When you are ill, or have cancer, you feel out of control. My keeping  this diary or blog makes me feel in control.

Why do teenagers keep diaries? Because they are trying to make sense of life. Their body changes make them feel out of control. The diary puts them back in control.

Anne Frank had plenty of people to talk to, cooped up with adults. Although for long hours they had to remain silent in daytime so the office workers underneath and people living around would not hear them.

Being obliged to go into hiding, not allowed to go out, made them feel out of control. Being in danger of discovery made them feel out of control. Writing the diary put Anne back in control 

Plane Travel
Have we been over cautious? A nurse at the hospital advised against long-haul flights. Danger of infection.

On business you can travel with more space around, less danger of the person next to you coughing and sneezing over you. Fewer people breathing same air space.

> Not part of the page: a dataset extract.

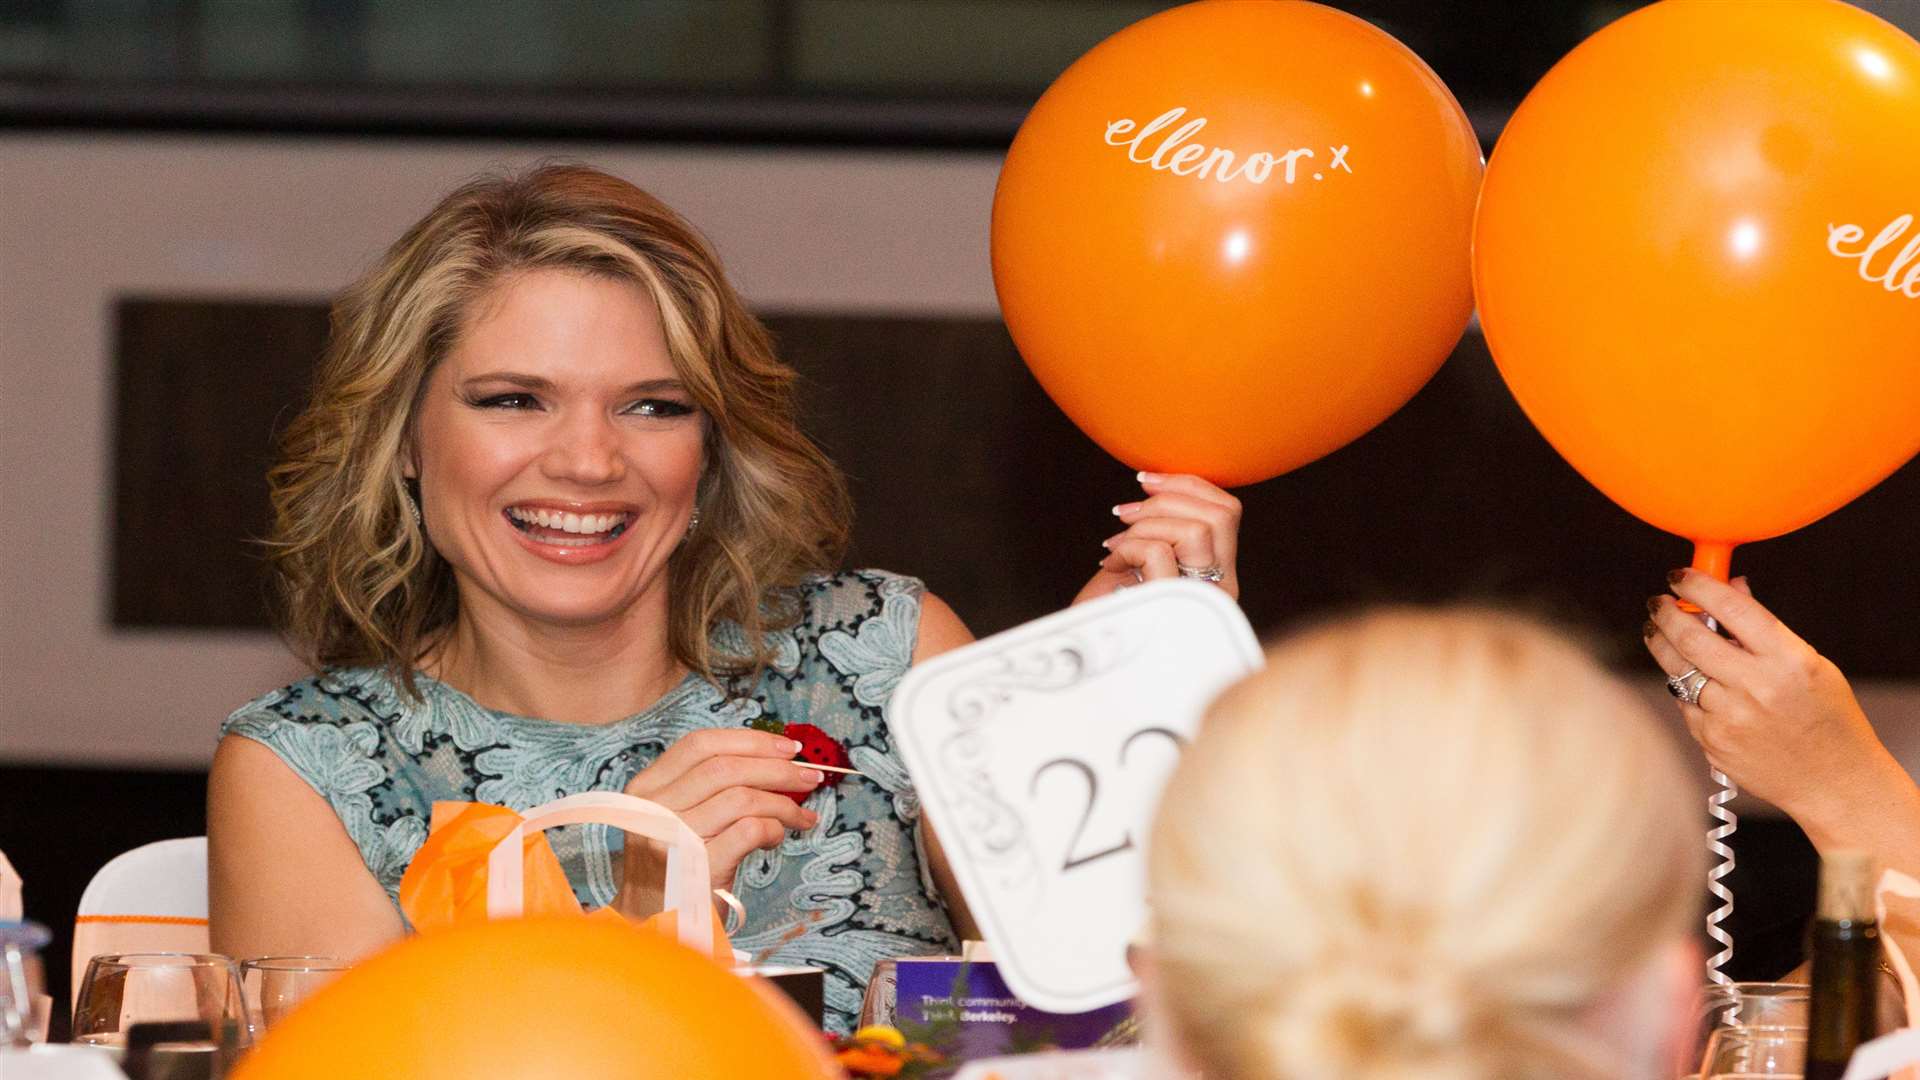 Charlotte Hawkins from Good Morning Britain

The other problem to solve is that if you run a temperature, the symptoms resemble flu, your immune system is not fighting infection and you urgently need antibiotics. We've read on line that you need to be within four hours flying time of a hospital or medical attention. (I think ambulances come direct to the airport - so you get attention on landing.) But it seems that you need attention even faster. We (meaning T - telling me or emailing me) will now be investigating carrying an injectable antibiotic. On flights. 

We are with half an hour's drive of a hospital most areas of NW London.